For the decomposition of input signals with more than two channels, a method is described in [7] where the multichannel signals are firstly downmixed to obtain a 2- channel stereo signal and subsequently a method for processing stereo input signals presented in [3] is applied.
For the processing of mono signals, the method described in [8] extracts an ambience signal using spectral weighting where the spectral weights are computed using feature extraction and supervised learning.
Another method for extracting an ambience signal from mono recordings for the application of upmixing obtains the time-frequency domain representation from the difference of the time-frequency domain representation of the input signal and a compressed version of it, preferably computed using non-negative matrix factorization [9].
A method for extracting and changing the reverberant signal components in an audio signal based on the estimation of the magnitude transfer function of the reverberant system which has generated the reverberant signal is described in [10]. An estimate of the magnitudes of the frequency domain representation of the signal components is derived by means of recursive filtering and can be modified.

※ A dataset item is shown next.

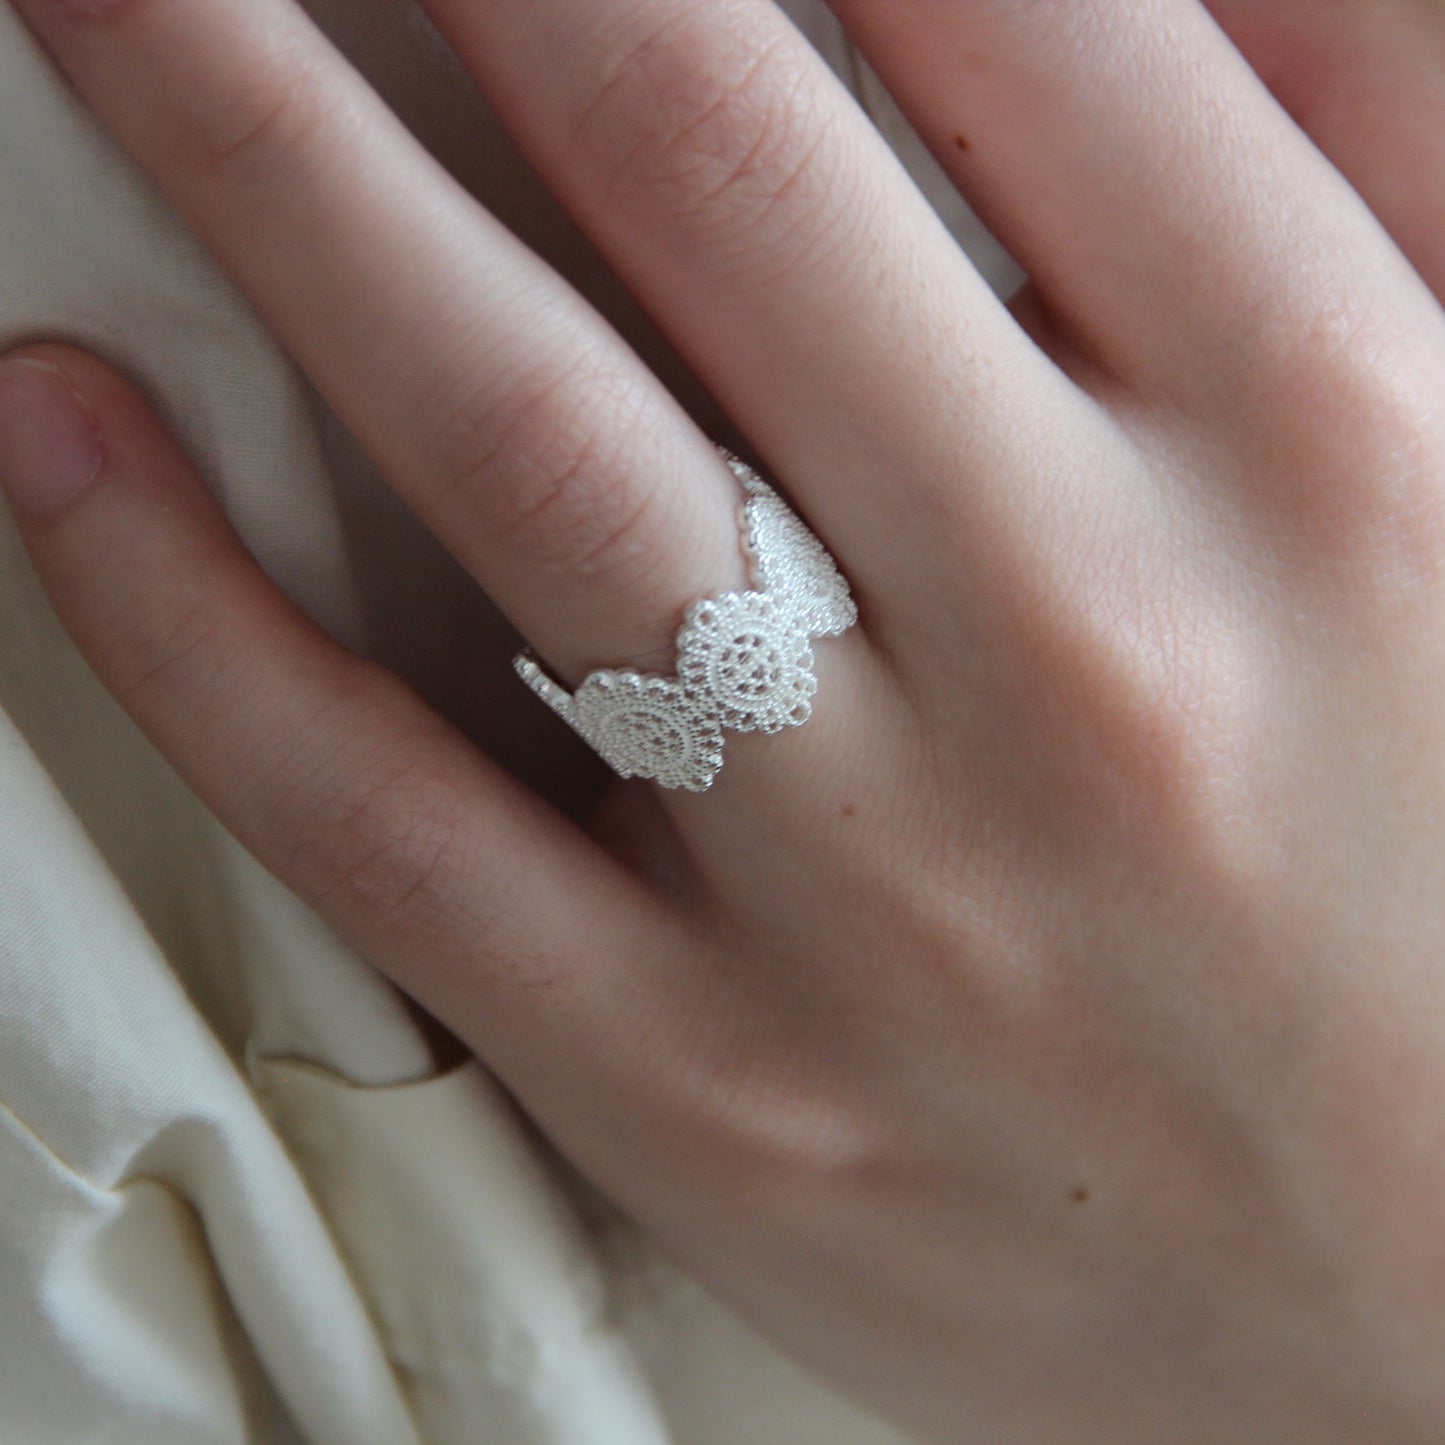 925 Silver Filigree Ring, Vintage Lace Ring, Unique Wide Band Rings, Lace Ring, Sterling Silver Statement Jewelry Gift for Her

The object of the present invention is to provide improved concepts for multichannel direct-ambient decomposition for audio signal processing. The object of the present invention is solved by an apparatus according to claim 1 , by a method according to claim 14 and by a computer program according to claim 15.
An apparatus for generating one or more audio output channel signals depending on two or more audio input channel signals is provided. Each of the two or more audio input channel signals comprises direct signal portions and ambient signal portions. The apparatus comprises a filter determination unit for determining a filter by estimating first power spectral density information and by estimating second power spectral density information. Moreover, the apparatus comprises a signal processor for generating the one or more audio output channel signals by applying the filter on the two or more audio input channel signals. The first power spectral density information indicates power spectral density information on the two or more audio input channel signals, and the second power spectral density information indicates power spectral density information on the ambient signal portions of the two or more audio input channel signals. Or, the first power spectral density information indicates the power spectral density information on the two or more audio input channel signals, and the second power spectral density information indicates power spectral density information on the direct signal portions of the two or more audio input channel signals. Or, the first power spectral density information indicates the power spectral density information on the direct signal portions of the two or more audio input channel signals, and the second power spectral density information indicates the power spectral density information on the ambient signal portions of the two or more audio input channel signals.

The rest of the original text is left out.